▸ Task statement: Here the job is to transcribe the data exactly while omitting the images.

▸ Data:
-----

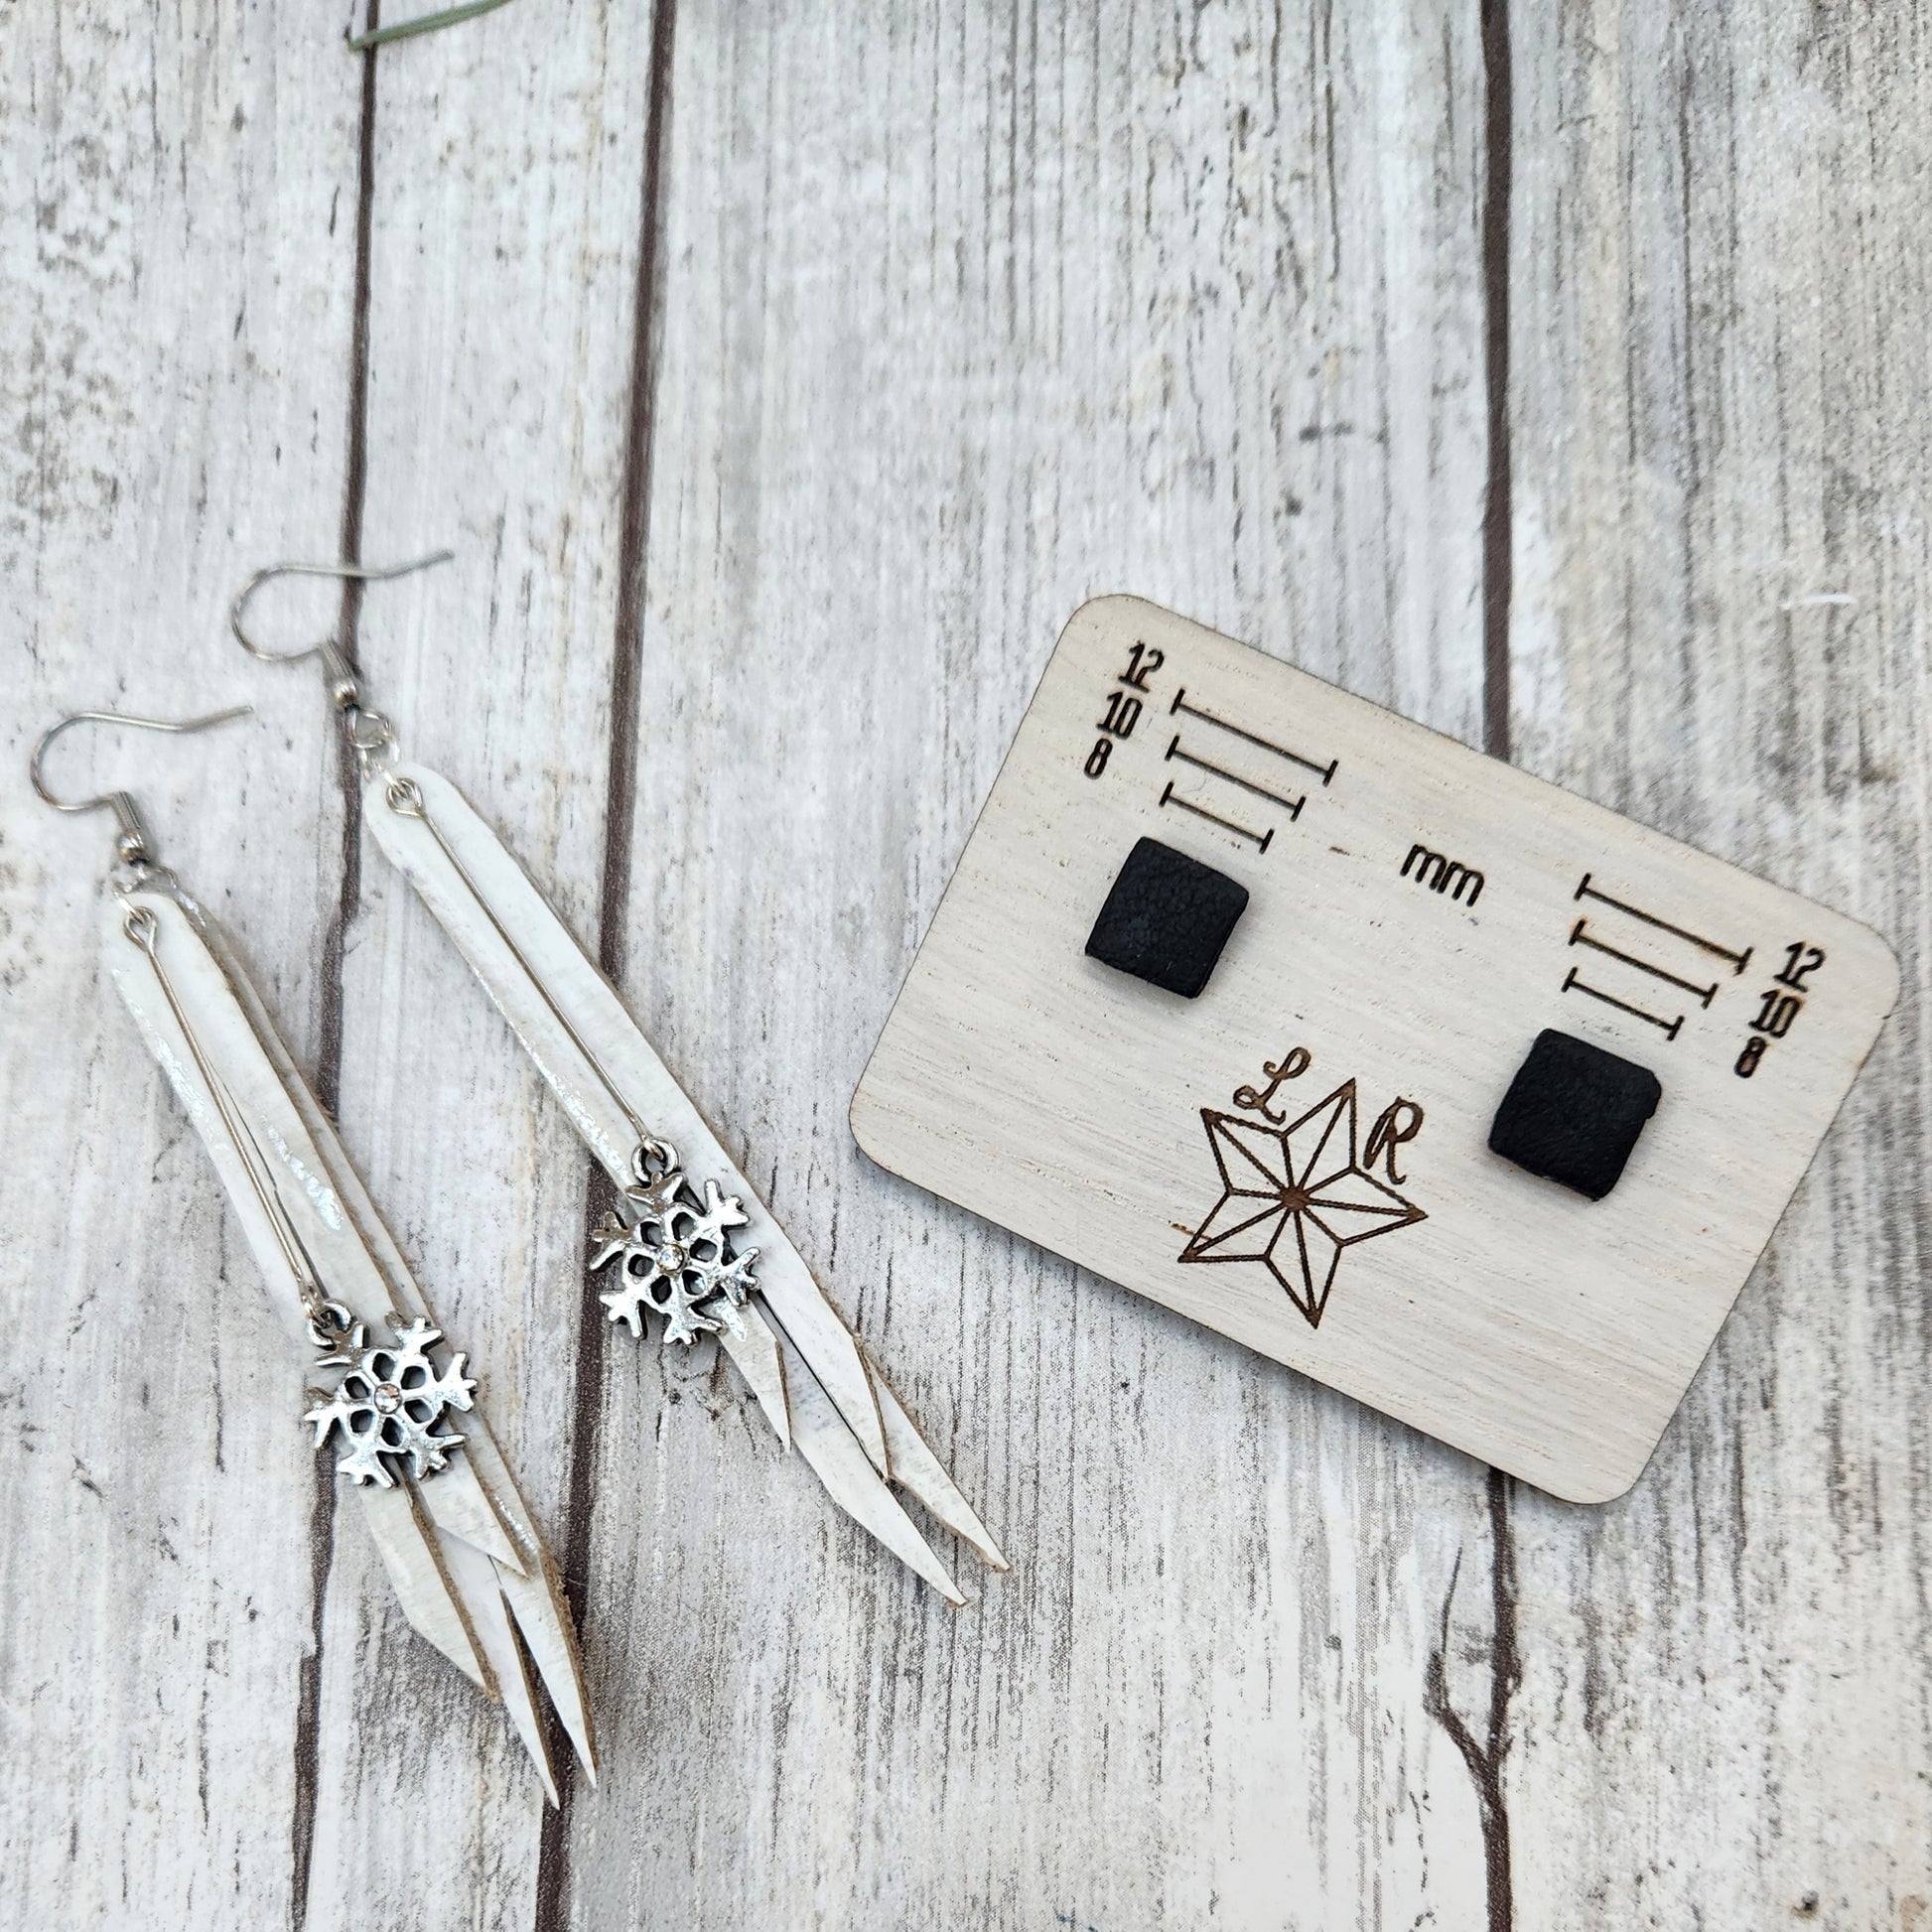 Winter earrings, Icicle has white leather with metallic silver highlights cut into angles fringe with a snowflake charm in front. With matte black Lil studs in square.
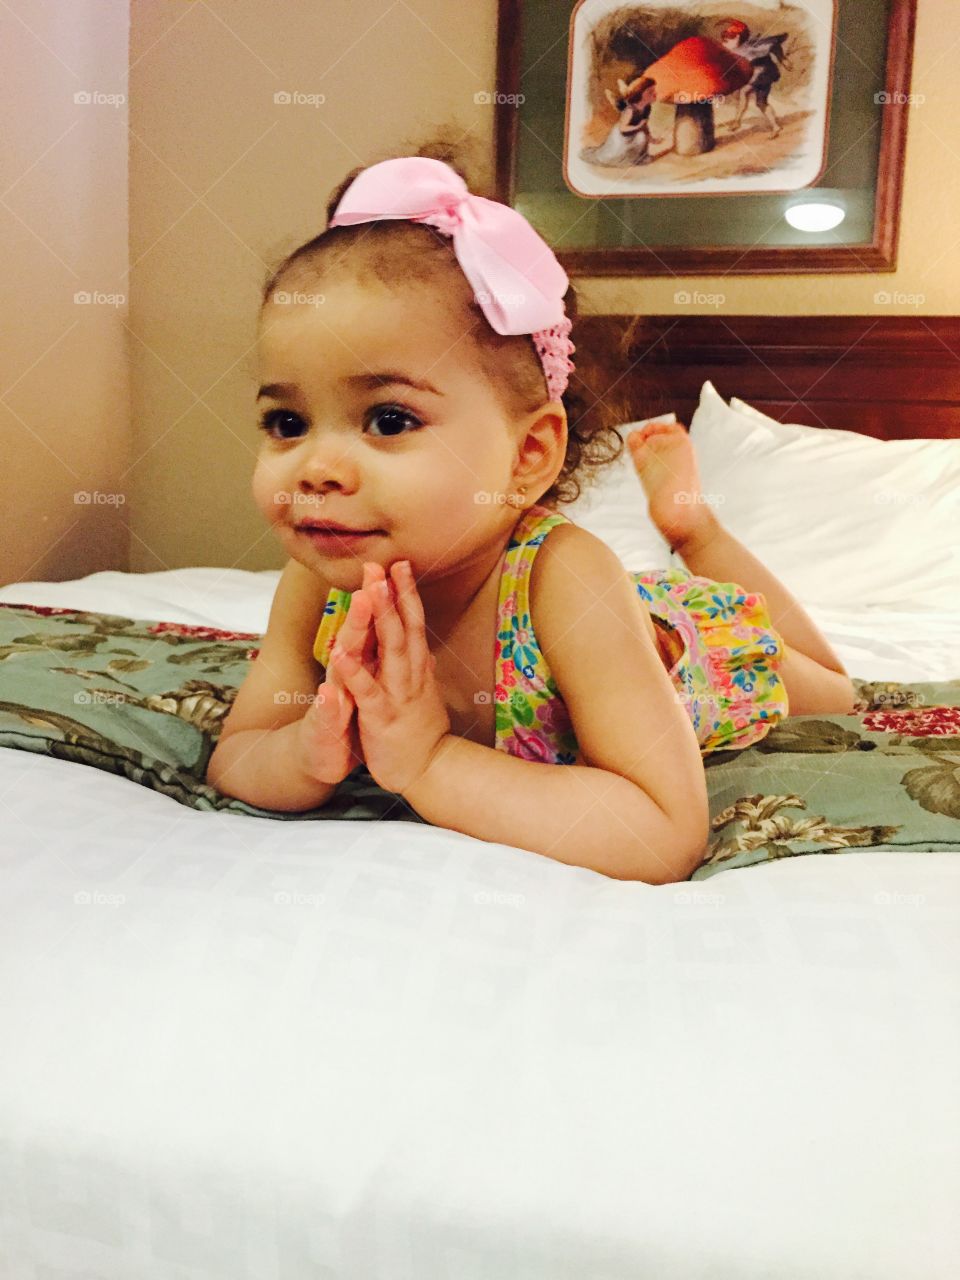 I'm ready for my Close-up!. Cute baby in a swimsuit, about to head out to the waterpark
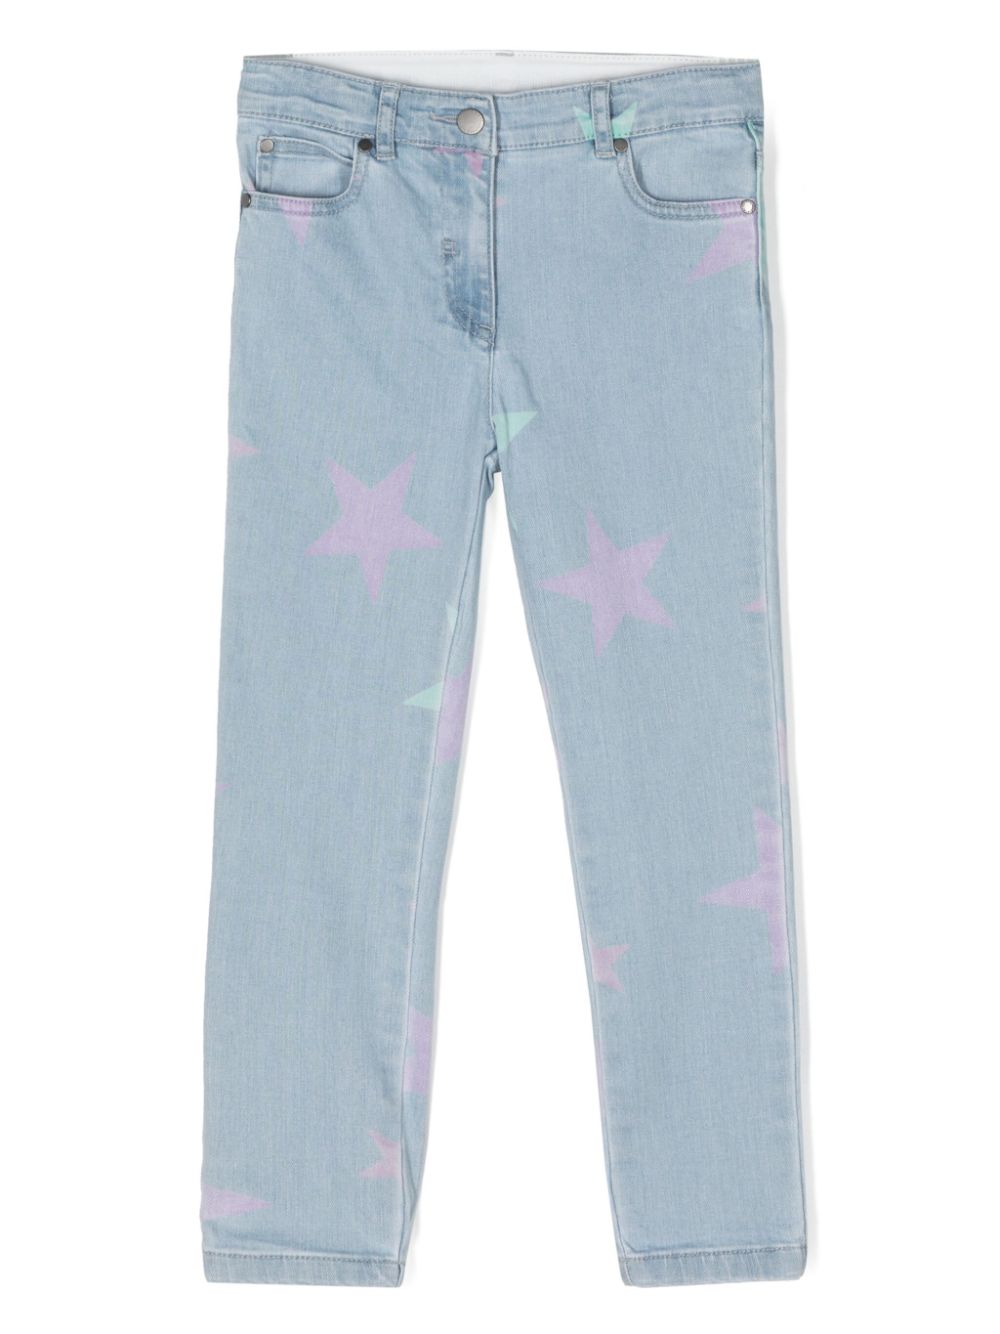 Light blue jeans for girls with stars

-----

▸ Exercise answer:
 Winter earrings, Icicle has white leather with metallic silver highlights cut into angles fringe with a snowflake charm in front. With matte black Lil studs in square.
 I'm ready for my Close-up!. Cute baby in a swimsuit, about to head out to the waterpark
 Light blue jeans for girls with stars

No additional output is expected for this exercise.